For ten long minutes, Matteo Jorgenson sat quietly on the edge of the car boot of the Movistar team car waiting to hear official confirmation he had won the Tour of Oman outright.
But when the news came through, shouted – given the lack of internet coverage – by one race reporter to another until word reached the team car some 100 metres above the Jabal Al Akhdar finish line, Jorgenson’s nerves instantly dissolved in a huge roar of delight.
It had been close – very close – as victory atop Jabal Al Alkhdhar for Mauri Vansevenant (Soudal-QuickStep) clearly powered the Belgian up the GC standings thanks to four bonus seconds. However, with Jorgenson coming in just behind the 23-year-old at the sunbaked finish line, the question was – had he taken the five seconds needed to win the red jersey?
After those agonising 10 minutes, with Jorgenson refusing to give interviews until the news had been confirmed for sure, it became clear: the Movistar leader had hung on overall, by a solitary second, with France’s Geoffrey Bouchard (AG2R Citroën) taking third.
It’s fair to say that Jorgenson’s two victories in Oman, where he is the first North American ever to clinch the overall title, represent a breakthrough, with a capital B, for the young US racer. In just three days he has gone from a fruitless, three-year quest for a first victory to taking not one, but two wins in one of the toughest early-season races out there.
“It was super-hard – I meant the day was relatively easy, it was just the heat that was the issue,” Jorgenson said after his win was confirmed. “I woke up feeling confident this morning, but I was a little nervous.
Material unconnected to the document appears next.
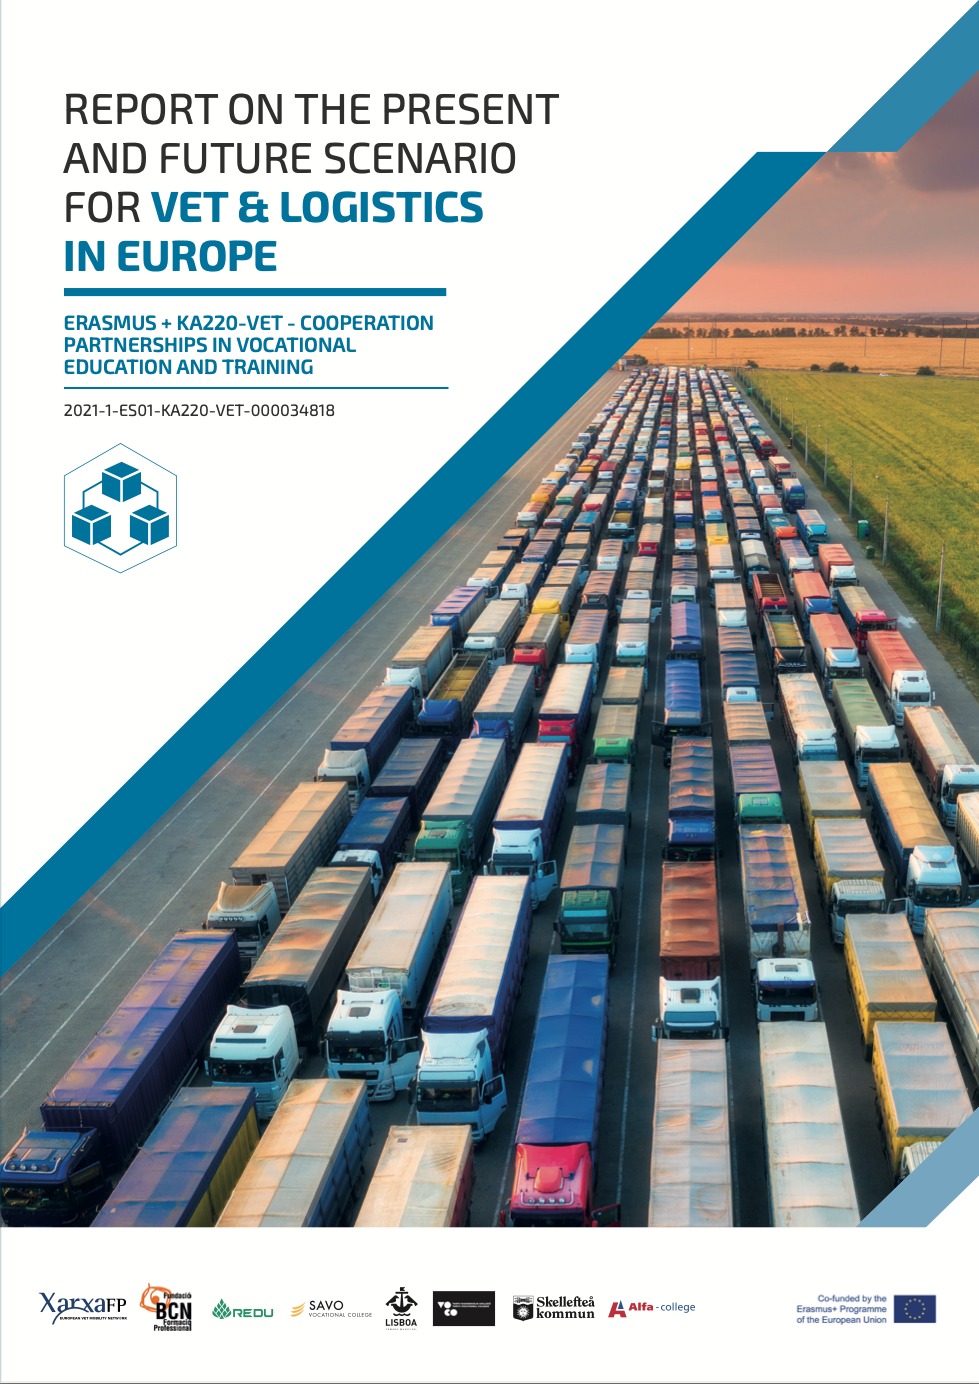 Present and future scenario of logistics and VET in Europe

I’m a big guy and this kind of climb tests my limits.”
Vansevenant had pushed him seriously hard, he recognised, and the Belgian took the fight all the way to the line.
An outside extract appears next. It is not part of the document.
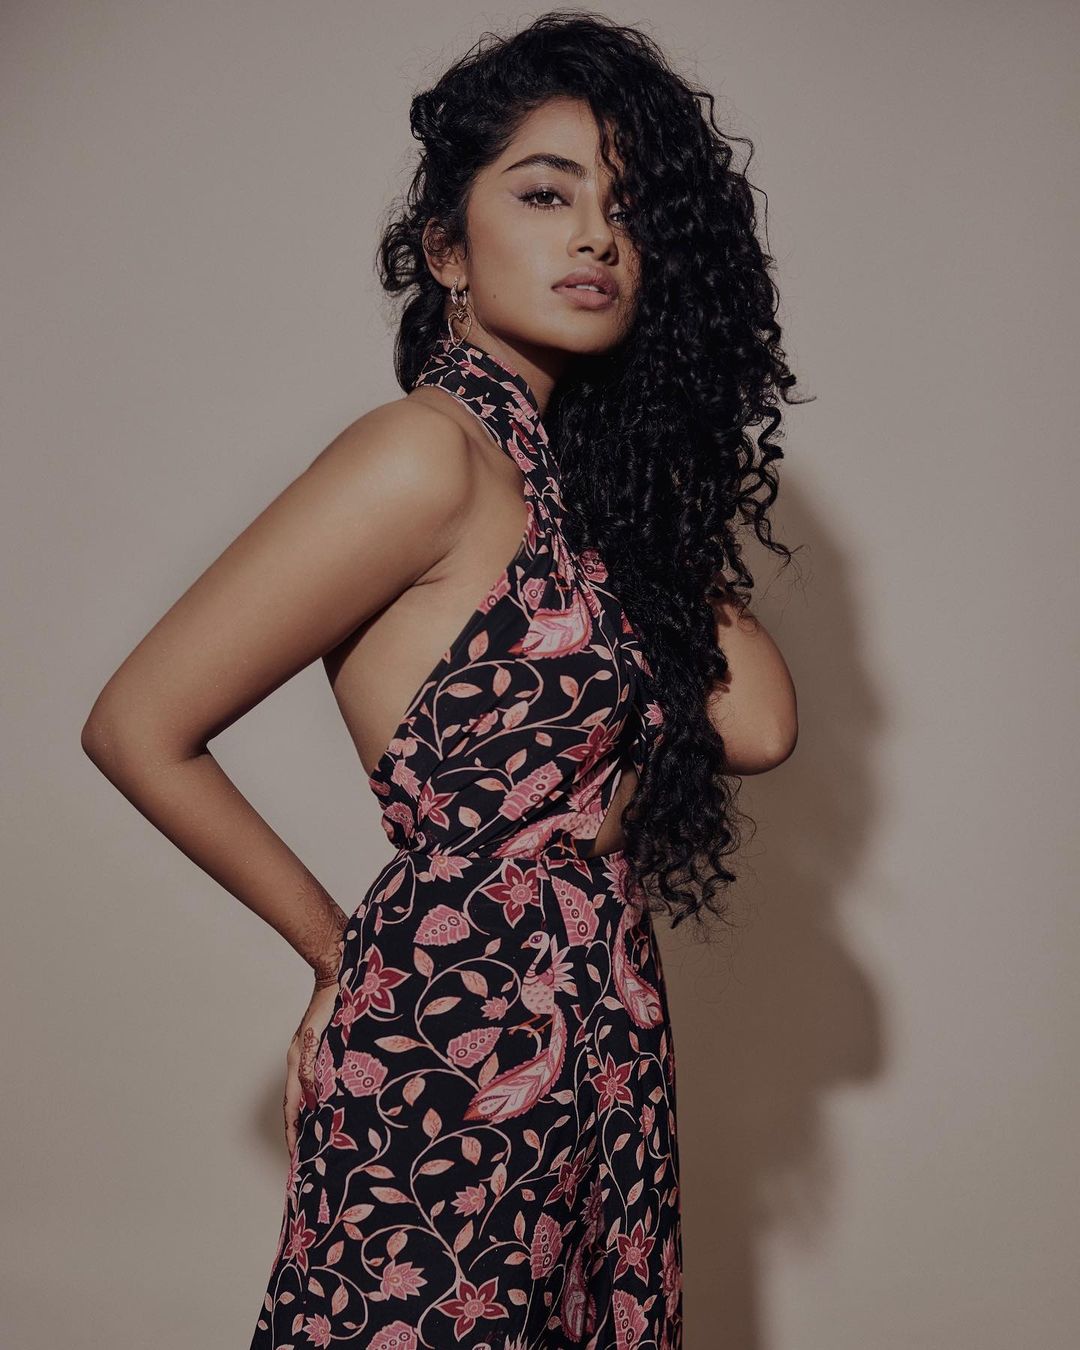 Actress Anupama Parameswaran Poses In A Hot Sexy Backless Dress 1

“I was worried, that was close. Mauri surprised me a lot. I’ve raced with him a bunch, I don’t know him so well, but he’s in good form – we both were here in surprisingly good form,” he said.
“He went once, I saw he was strong, and I knew that from the sprint the other day [on stage 3] when I got him, he was coming back in the last couple of metres. It was a super good win and congratulations to him!”
The bigger prize, though, was one for Jorgenson, also 23, whose initial goal of winning one race in 2023 was amply superseded by his overall win in Oman.
“For sure, this GC victory was the icing on the cake,” Jorgenson said. “Once I won the other day, I knew I was one of the…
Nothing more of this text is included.